How do you determine all values of c that satisfy the mean value theorem on the interval [2,5] for #f(x) = 1 / (x-1)#?

Question

Paisley Johnson · Accepted Answer

#AA c \in [f(5), f(2)] = [1/4, 1]#, #EE y \in [2, 5]# such that #f(y) = c#.
Explanation below.

Since #f# is a quotient of continuous function : #f(x) = (g(x))/(h(x)), g(x) = 1# and #h(x) = x-1#, it is defined and continuous for all #x \in RR \backslash {1}# (#f(1)# is not defined because we would divide by zero). Therefore, the mean value theorem is satisfied for all closed interval #[a, b] \subset RR \backslash {1}#. Since #[2, 5] \subset RR \backslash {1}# and #[2, 5]# is closed, we have, by the mean value theorem, that #AA c \in [f(5), f(2)] = [1/4, 1]#, #EE y \in [2, 5]# such that #f(y) = c#.

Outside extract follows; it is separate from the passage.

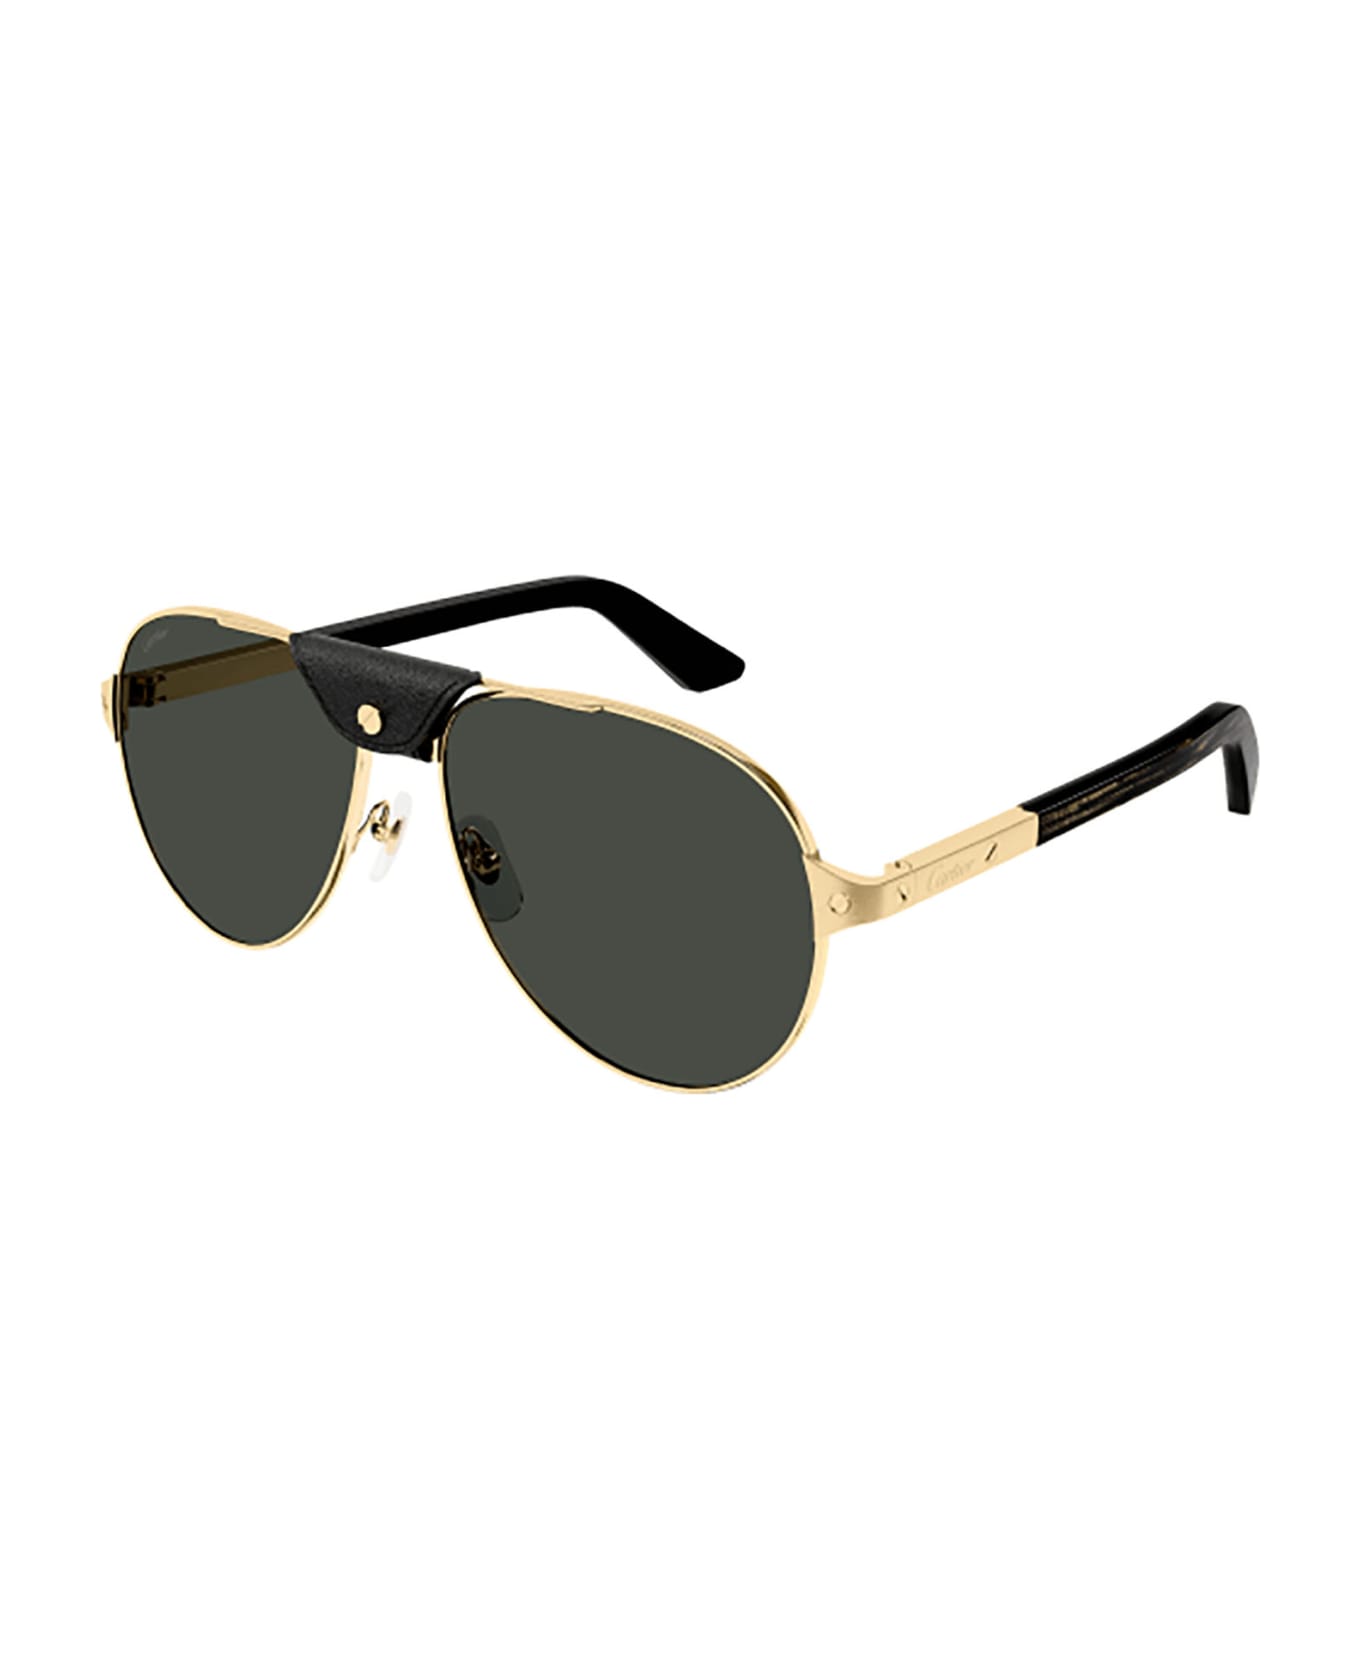 Cartier Eyewear Ct0387s Sunglasses - 001 GOLD GOLD GREY

Ezekiel Alexander · Answer

#c=3 or c =-1# #f'(c)=(f(b)-f(a))/(b-a)# #f'(c)=(f(5)-f(2))/(5-2)# #-1/(c-1)^2 = (1/4 -1)/3 =(-3/4)/3 = -3/4 *1/3=-1/4# #-1=-1/4 (c-1)^2# #4 = c^2-2c+1# #0=c^2-2c-3# #(c-3)(c+1)=0# #c=3 or c =-1#

Paisley Johnson · Answer

undefined To determine all values of $ c $ that satisfy the Mean Value Theorem on the interval $[2,5]$ for $ f(x) = \frac{1}{x-1} $, we first find the average rate of change of $ f $ on the interval $[2,5]$. This is calculated as:

$$ f'(c) = \frac{f(5) - f(2)}{5 - 2} $$

$$ f'(c) = \frac{\frac{1}{5-1} - \frac{1}{2-1}}{5-2} $$

$$ f'(c) = \frac{\frac{1}{4} - 1}{3} $$

$$ f'(c) = \frac{-\frac{3}{4}}{3} $$

$$ f'(c) = -\frac{1}{4} $$

Now, we find the derivative of $ f(x) $:

$$ f'(x) = \frac{d}{dx}\left(\frac{1}{x-1}\right) = -\frac{1}{{(x-1)}^2} $$

To find $ c $, we set $ -\frac{1}{{(c-1)}^2} = -\frac{1}{4} $:

$$ -\frac{1}{{(c-1)}^2} = -\frac{1}{4} $$

$$ {(c-1)}^2 = 4 $$

$$ c-1 = \pm 2 $$

$$ c = 1 \pm 2 $$

Therefore, $ c $ can be $ 3 $ or $ -1 $. These are the values of $ c $ that satisfy the Mean Value Theorem on the interval $[2,5]$ for $ f(x) = \frac{1}{x-1} $.